Die Handlung von Rinaldo basiert lose auf Torquato Tassos Gerusalemme Liberata in der Zeit des Ersten Kreuzzuges. Der adelige Ritter Rinaldo will seine geliebte Almirena, Tochter des Feldherren Goffredo, heiraten. Zuvor muss er sich aber beweisen, indem er an der Belagerung von Jerusalem teilnimmt, die von seinem Schwiegervater in spe geleitet wird. Armida, Königin von Damaskus, will aber verhindern, dass die Bewohner der Stadt sich zum Christentum von Goffredo bekehren lassen. Es finden allerlei Zaubereien, Entführungen, Verwirrungen und Verwechslungen statt, bevor es zum Happy End kommt und die Paare sich finden. In der Rostocker Fassung ist das Ende an unsere heutigen Tage angelehnt – alle Integrationsmaßnahmen sind erfolgreich.

POINTS OF HONOR

Musik



Gesang



Regie



Bühne



Publikum



Chat-Faktor



Jasmin Solfaghari, die auch für die Ausstattung und Lichtregie verantwortlich zeichnet, macht das Beste aus einem Mini-Budget in einer sehr ansprechenden Kulisse: Das Foyer des ehemaligen Katharinenklosters ist mit seinen hohen Decken und dem offenen Ziegelwerk der ideale Raum für ein Stück, das in der frühen christlichen Zeit stattfinden soll. Da braucht es nur noch gute Einfälle, die Solfaghari auch zuhauf hat: Kleine Orientteppiche und einige Stühle, um die Atmosphäre des Orients zu zaubern, lange Seidenbahnen, die die lieblichen Winde darstellen und anschließend Räume trennen. Ihre ausgeprägte atmosphärische Lichtregie geht Hand in Hand mit den Emotionen, die besungen werden.

Foto © Mirco Dalchow

Auch wenn sie „nur“ Studierende der Gesangs- und Instrumentalklassen der Hochschule für Musik Rostock sind, werden sie so sorgfältig musikalisch von Christian Hammer und szenisch von Jasmin Solfaraghi geführt, dass sie hier genannt werden sollen:  Yumi Tatsumiya ist eine Rinaldo, die keine Scheue hat, ihre Ergriffenheit als junger Ritter zu zeigen – zerrissen zwischen seiner Pflicht als Ritter und seiner Liebe zu Almirena, hier von Sopran Friederike Kühl grazil verkörpert. Ihr Vater, der Feldherr Goffredo, wird von Mezzo Alina Behning und ihr Bruder Eustazio von Annika Sofia Westlund dargestellt – beide Hosenrollen vielleicht noch etwas ungewohnt für die jungen Sänger. Händel wusste schon vor 300 Jahren, dass das Anderssein das „Salz in der Suppe“ ergibt – auch gesellschaftspolitisch. In diesem Werk sind es der Bariton Jaehwan Shim als König Argante von Jerusalem und Armida, Zauberin und Königin von Damaskus, die von Jinjoo Kwak interpretiert wird. Beide Sänger verstehen ihre Rollen und kosten die vielen Regiedetails voll aus, zur großen Freude des Publikums. Dritter in diesem Bund ist der christliche Zauberer, hier von Shinhyung Kim mit großer Bühnenpräsenz verkörpert.
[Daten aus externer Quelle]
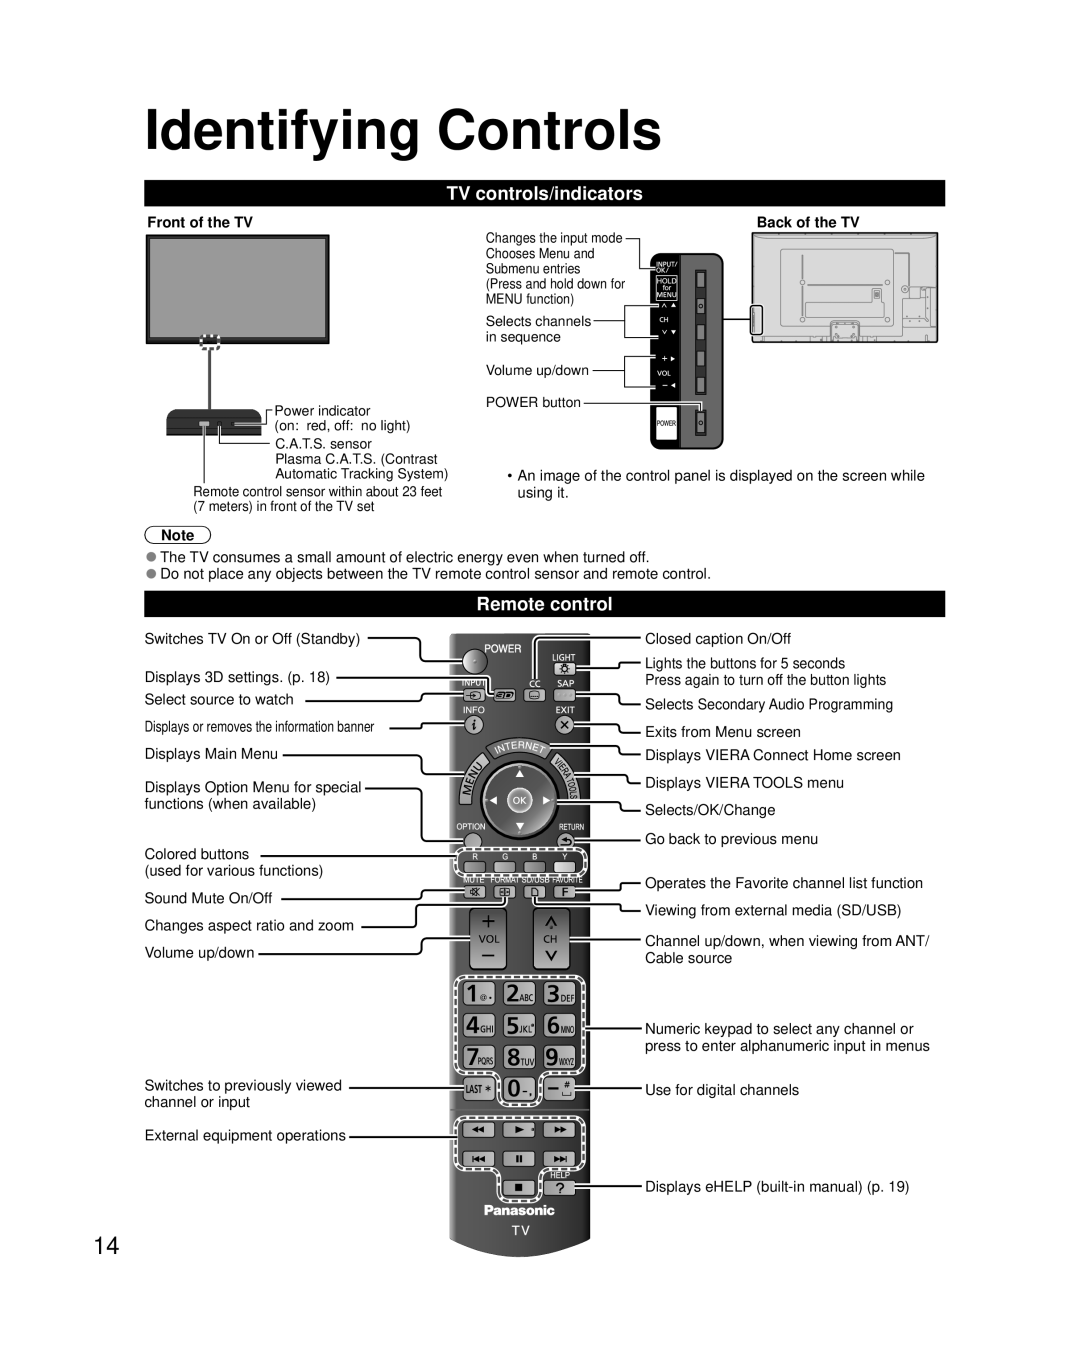 Panasonic TC-P55VT50 Identifying Controls, TV controls/indicators, Remote control, Front of the TV, Back of the TV

Selbst Nebenrollen wie die Damen, Sirenen und Gefolge sind als bewusste Persönlichkeiten gezeichnet und unterstreichen die personenbezogene Arbeit der Regisseurin an allen Rollen.

Dirigent Christian Hammer trägt seinen Teil zum Erfolg der Produktion bei, indem er das Kammerorchester präzise und transparent führt, allen voran soll Minsang Cho am Cembalo erwähnt werden. Durchaus auch witzig die vielen Spezialtoneffekte, die mit einfachen Mitteln – wie beispielsweise das Donnerblech – kunstvoll eingesetzt werden.

Es lohnt also der Besuch der Produktionen an Musikhochschulen, wo Enthusiasmus, Neugier und Hingabe von den Mitwirkenden noch sehr authentisch und noch nicht von der Routine und Ausstattung eines Theateralltags überdeckt sind.